This is why I talked about algorithms. When a human being says "I am a human being", you may quibble about it being "observational" or "apriori" knowledge. But algorithms can actually have apriori knowledge coded in, including knowledge of their own source code. When such an algorithm receives inputs, it can make conclusions that don't rely on "realist" or "idealist" philosophical assumptions in any way, only on coded apriori knowledge and the inputs received. And these conclusions would be correct more or less by definition, because they amount to "if reality contains an instance of algorithm X receiving input Y, then reality contains an instance of algorithm X receiving input Y".

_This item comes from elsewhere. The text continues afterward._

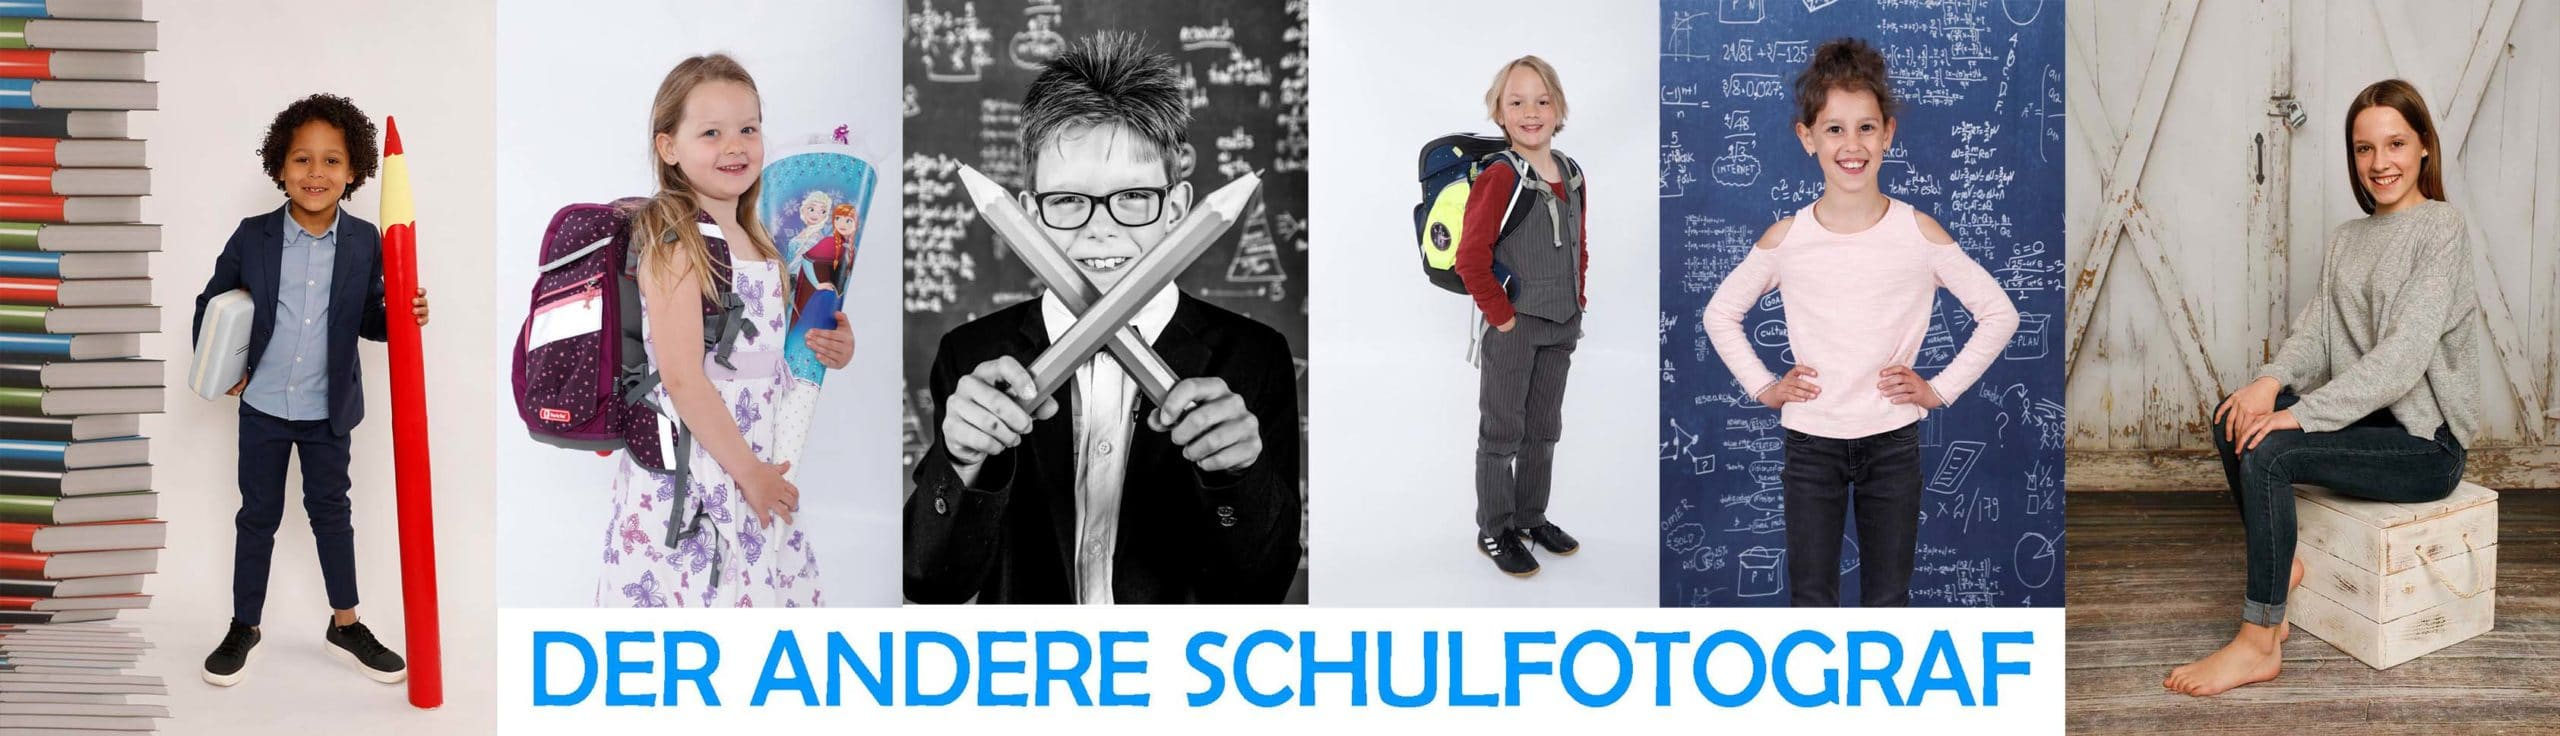 Der andere Schulfotograf. Moderne Schulfotos für Hamburg, Berlin, hannover, Kiel, Bremen, Lübeck, Pinneberg, Ratzeburg, Mölln und ganz Norddeutschland.

Your second paragraph seems to be unrelated to Kant. You just point out that our reasoning is messy and complex, so it's hard to prove trustworthy from first principles. Well, we can still consider it "probably approximately correct" (to borrow a phrase from Leslie Valiant), as jimrandomh suggested. Or maybe skip the step-by-step justifications and directly check your conclusions against the real world, like evolution does. After all, you may not know everything about the internal workings of a car, but you can still drive one to the supermarket. I can relate to the idea that we're still in the "stupid driver" phase, but this doesn't imply the car itself is broken beyond repair.

Comment author: quen_tin 29 March 2011 07:17:16PM -2 points [-]

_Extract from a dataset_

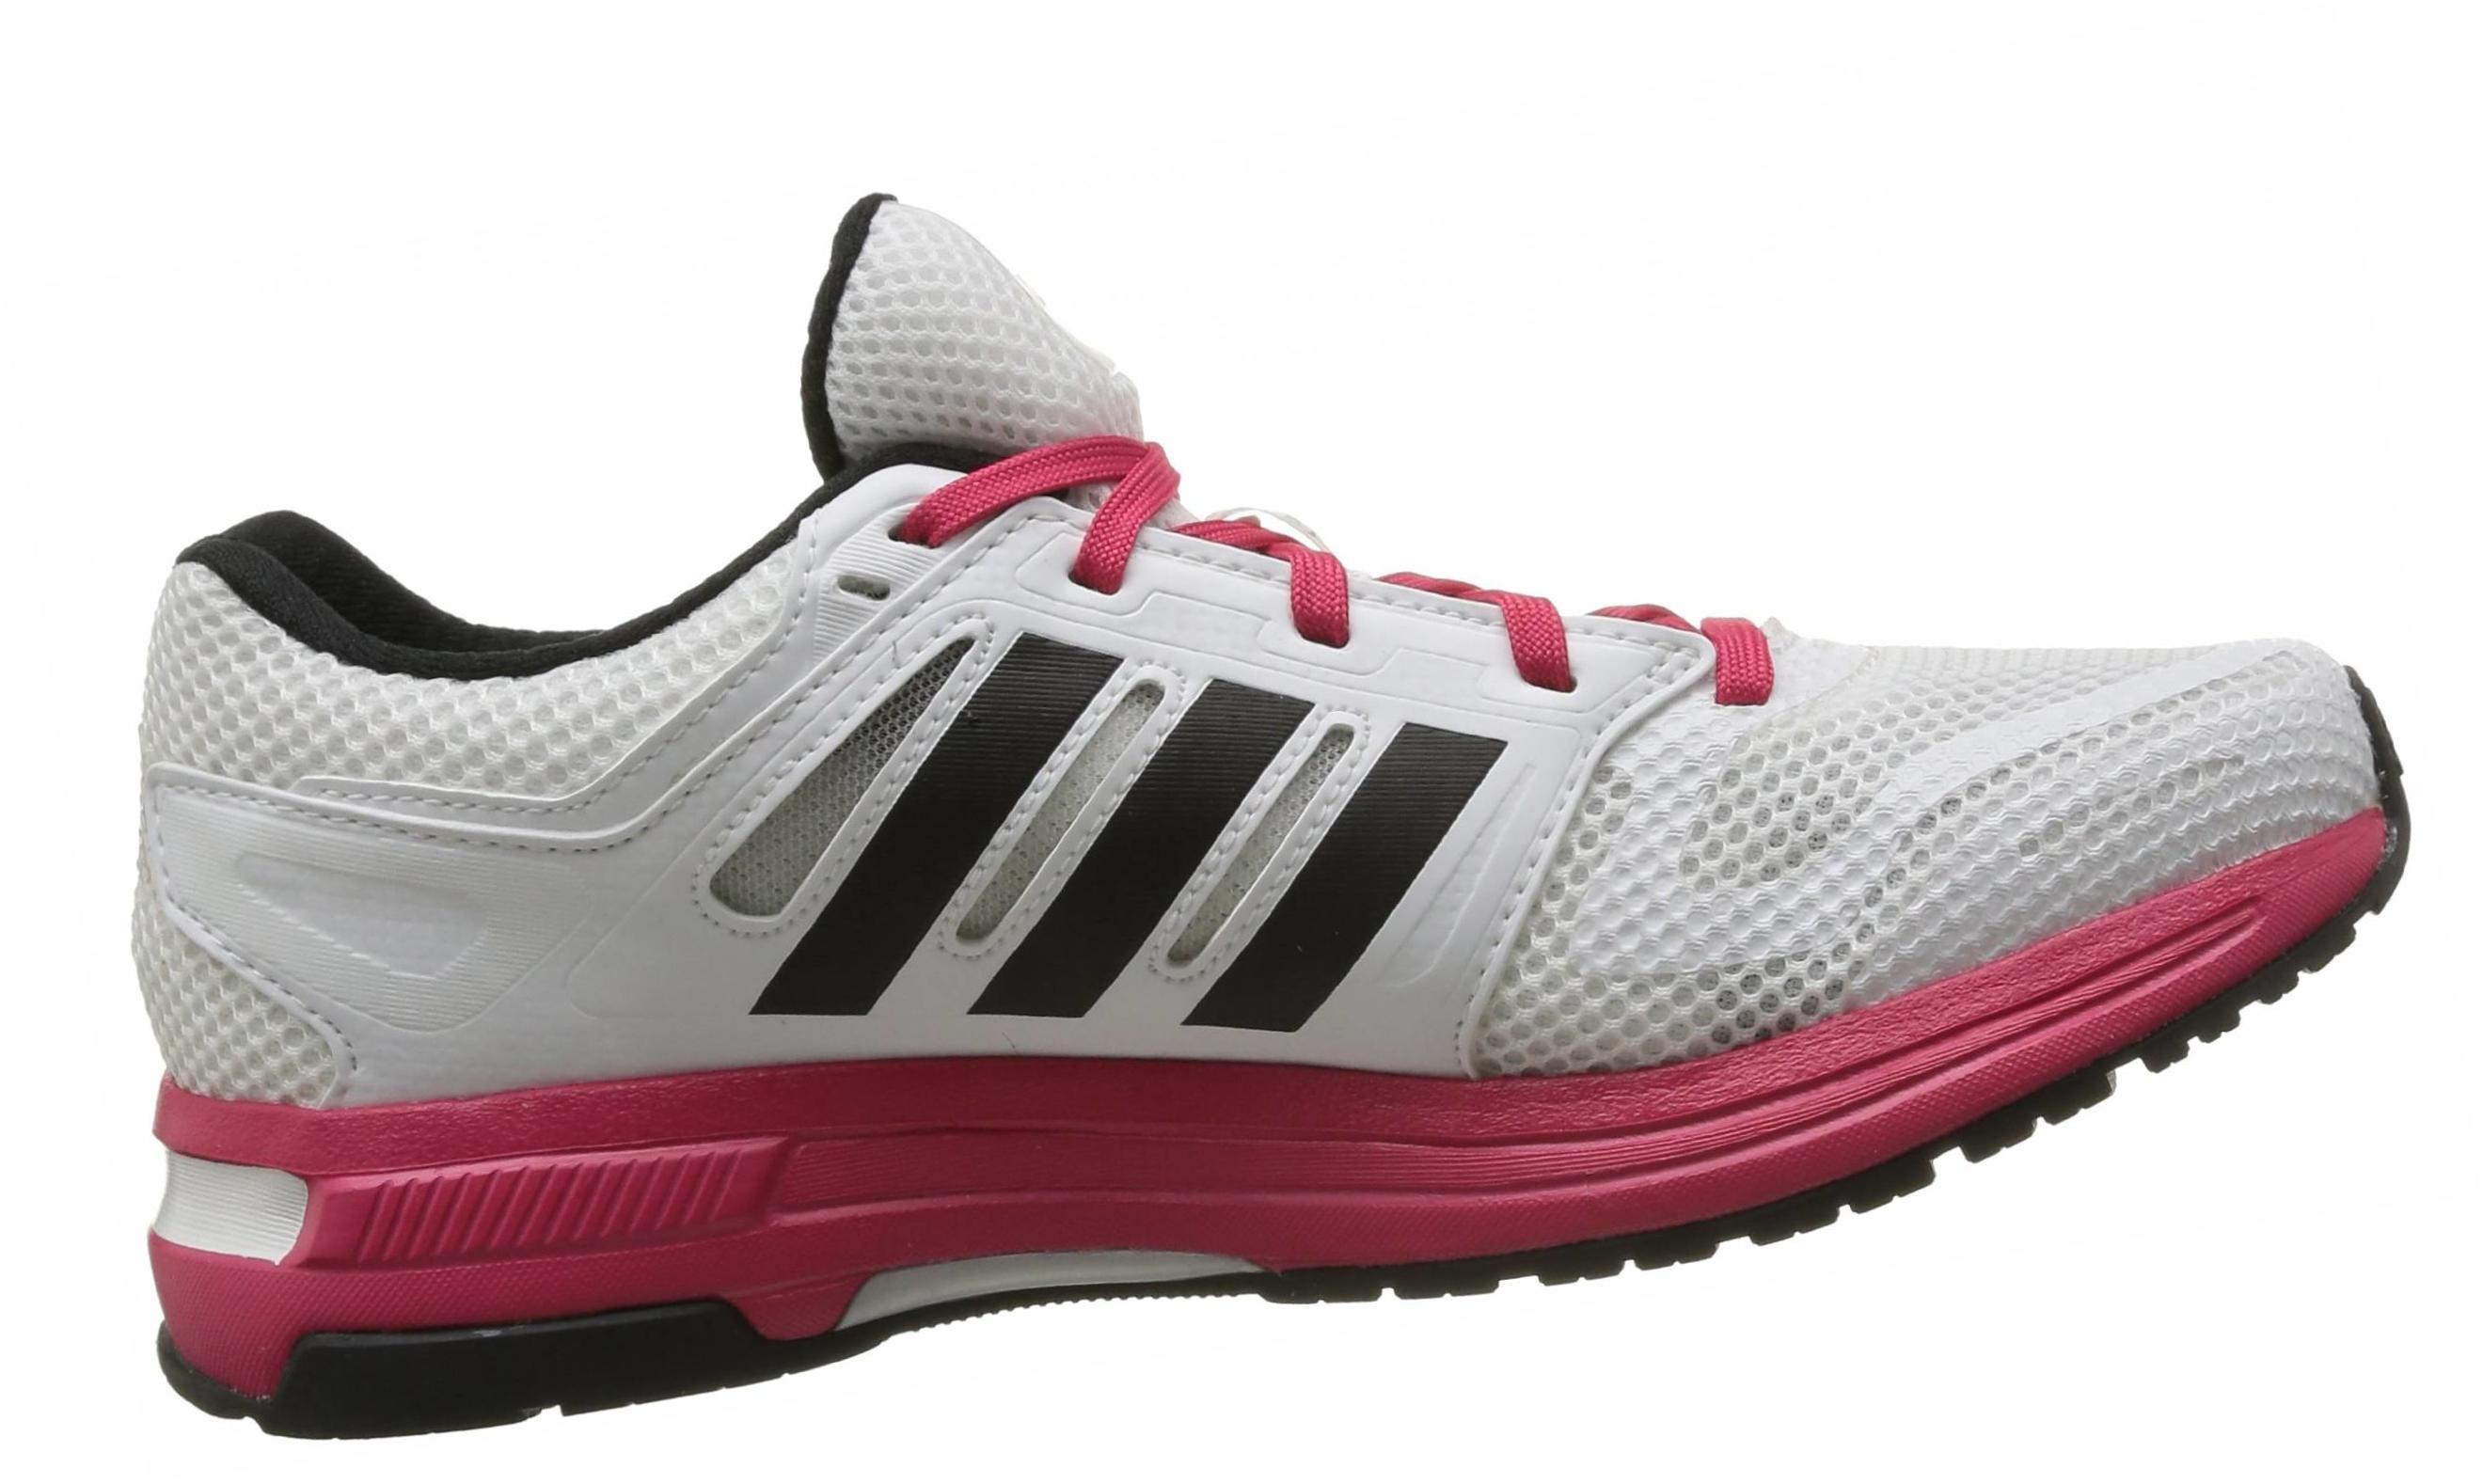 adidas boost revenergy

I don't think relying on algorithm solves the issue, because you still need someone to implement and interpret the algorithm.

I agree with your second point: you can take a pragmatist approach. Actually, that's a bit how science work. But still you did not prove in anyway that your model is a complete and definitive description of all there is nor that it can be strictly identifiable with "reality", and Kant's argument remains valid. It would be more correct to say that a scientific model is a relational model (it describes the relations between things as they appear to observers and their regularities).

Comment author: cousin_it 29 March 2011 07:55:25PM *  1 point [-]

I don't think relying on algorithm solves the issue, because you still need someone to implement and interpret the algorithm.

You can be the algorithm. The software running in your brain might be "approximately correct by design", a naturally arising approximation to the kind of algorithms I described in previous comments. I cannot examine its workings in detail, but sometimes it seems to obtain correct results and "move in harmony with Bayes" as Eliezer puts it, so it can't be all wrong.